Laboratory of Molecular Cell Biology, Institute of Biochemistry and Cell Biology, Shanghai Institutes for Biological Sciences, Chinese Academy of Sciences, Shanghai, China.
Int J Cancer. 2010 Aug 1;127(3):707-17. doi: 10.1002/ijc.25069.
Prostate cancer (PCa) is the second leading cause of cancer-related deaths in Western male population. Previous studies have demonstrated that differential display code 3 (DD3 or DD3(PCA3)) is one of the most PCa-specific genes; therefore, it has been used as a clinical diagnostic marker for PCa. In this study, we constructed an oncolytic adenovirus Ad.DD3-E1A by using the minimal DD3 promoter to replace the native viral promoter of E1A gene. In addition, Ad.DD3-E1A was armed with therapeutic gene IL-24 to enhance its antitumor activity. The resulting adenovirus, Ad.DD3-E1A-IL-24, demonstrated PCa specificity and excellent antitumor effect. Further analyses on its antitumor mechanism revealed that it has the capacity to induce apoptosis in PCa cells and inhibit angiogenesis. These results suggest that Ad.DD3-E1A-IL-24 is a promising antitumor agent that may be able to be used in the future as a treatment for PCa.

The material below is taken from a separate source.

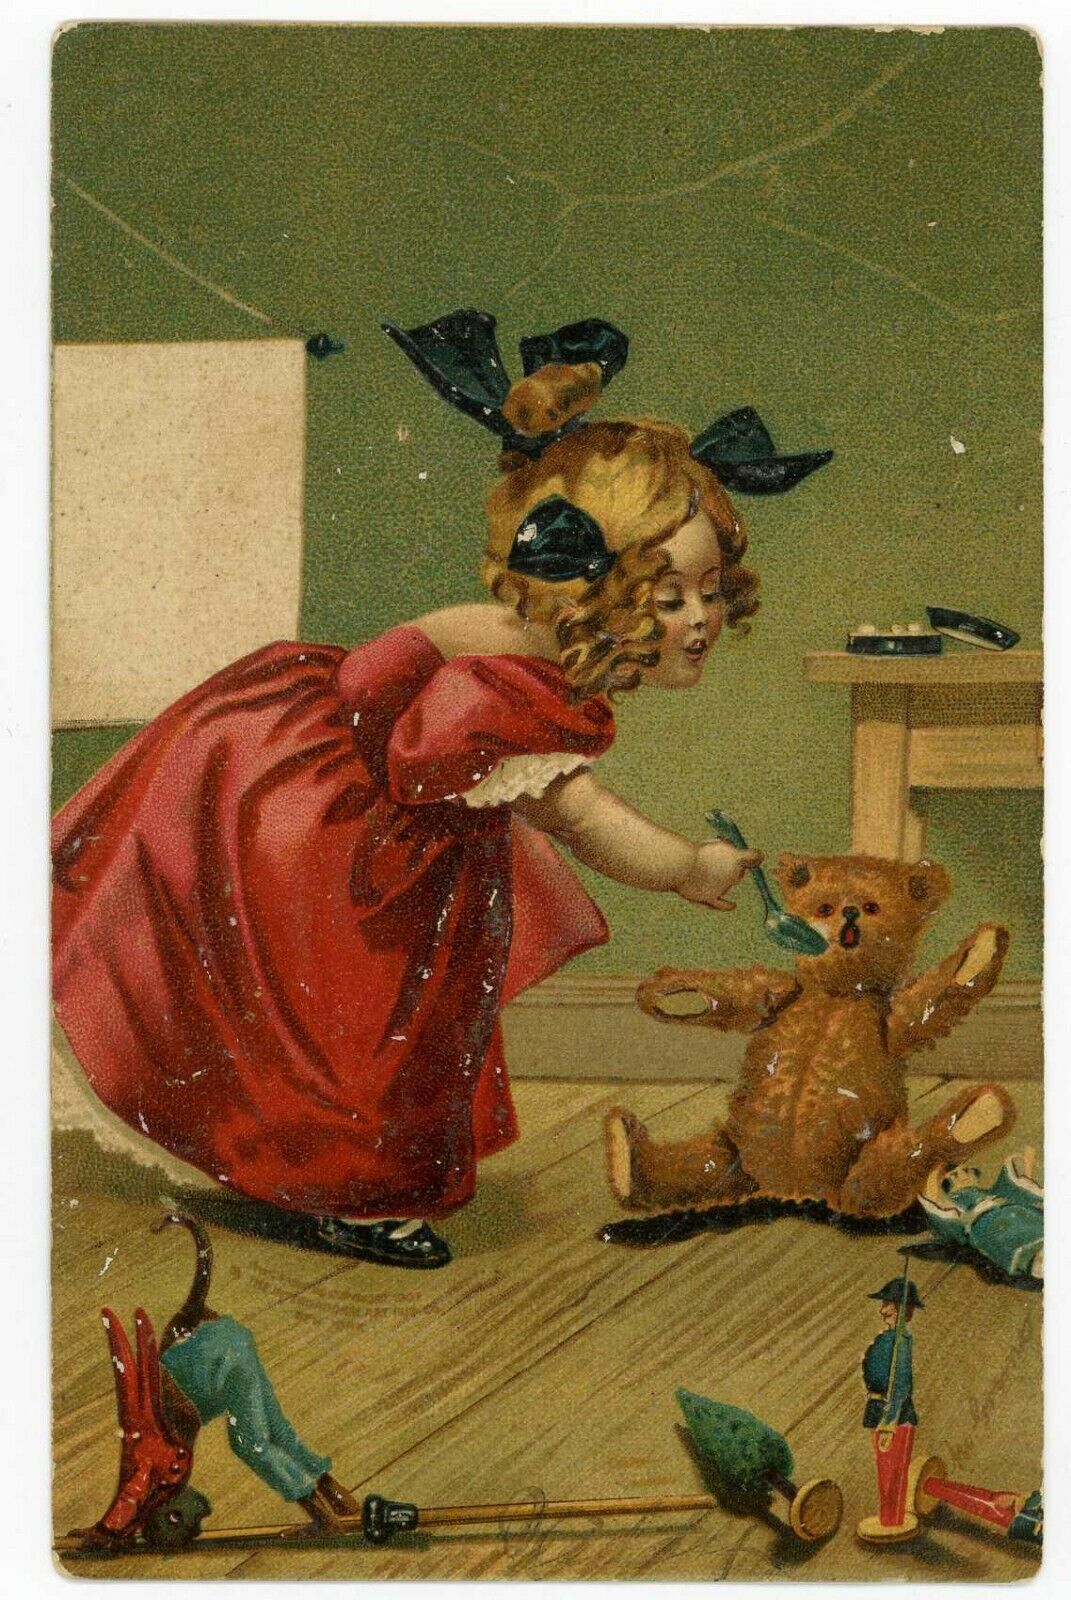 Vintage Postcard MOLLY & THE BEARS Molly Feeding The Bear Series by M. Greiner
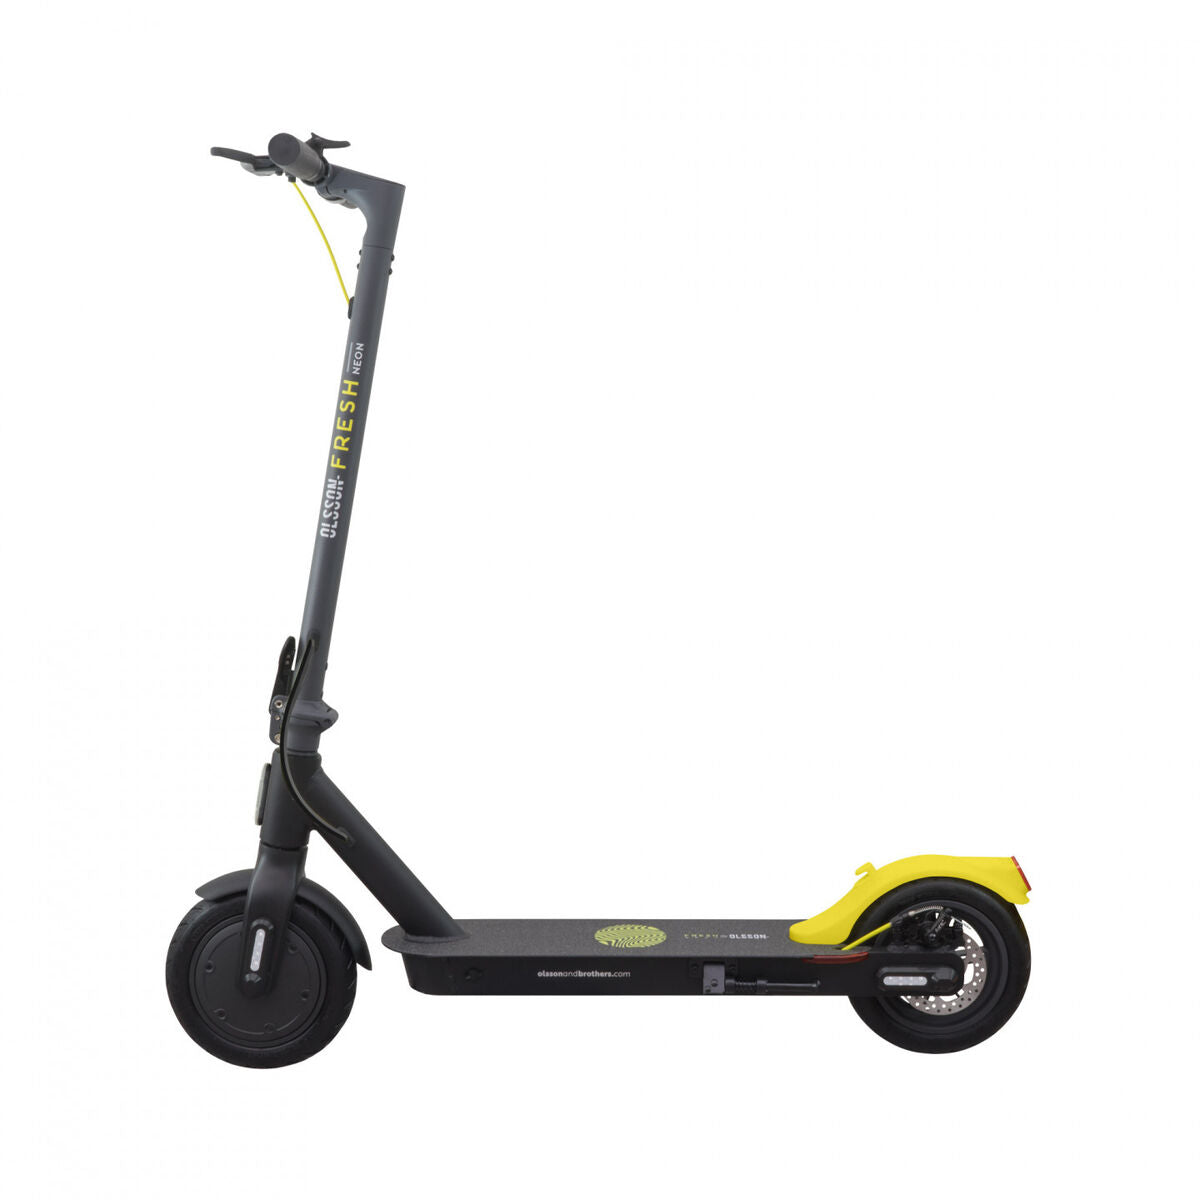 Electric Scooter Olsson Fresh Neon, Olsson, Sports and outdoors, Urban mobility, electric-scooter-olsson-fresh-neon, Brand_Olsson, category-reference-2609, category-reference-2629, category-reference-2904, category-reference-t-19681, category-reference-t-19756, category-reference-t-19876, category-reference-t-21245, Condition_NEW, deportista / en forma, Price_300 - 400, RiotNook

前列腺癌(PCa)是西方男性人群癌症相关死亡的第二大主要原因。先前的研究表明,差异显示代码 3(DD3 或 DD3(PCA3))是最具 PCa 特异性的基因之一;因此,它已被用作 PCa 的临床诊断标志物。在这项研究中,我们构建了一种溶瘤腺病毒 Ad.DD3-E1A,使用最小的 DD3 启动子取代 E1A 基因的天然病毒启动子。此外,Ad.DD3-E1A 被武装了治疗基因 IL-24,以增强其抗肿瘤活性。所得腺病毒 Ad.DD3-E1A-IL-24 表现出 PCa 特异性和优异的抗肿瘤作用。对其抗肿瘤机制的进一步分析表明,它具有诱导 PCa 细胞凋亡和抑制血管生成的能力。这些结果表明,Ad.DD3-E1A-IL-24 是一种有前途的抗肿瘤药物,将来可能能够用于治疗 PCa。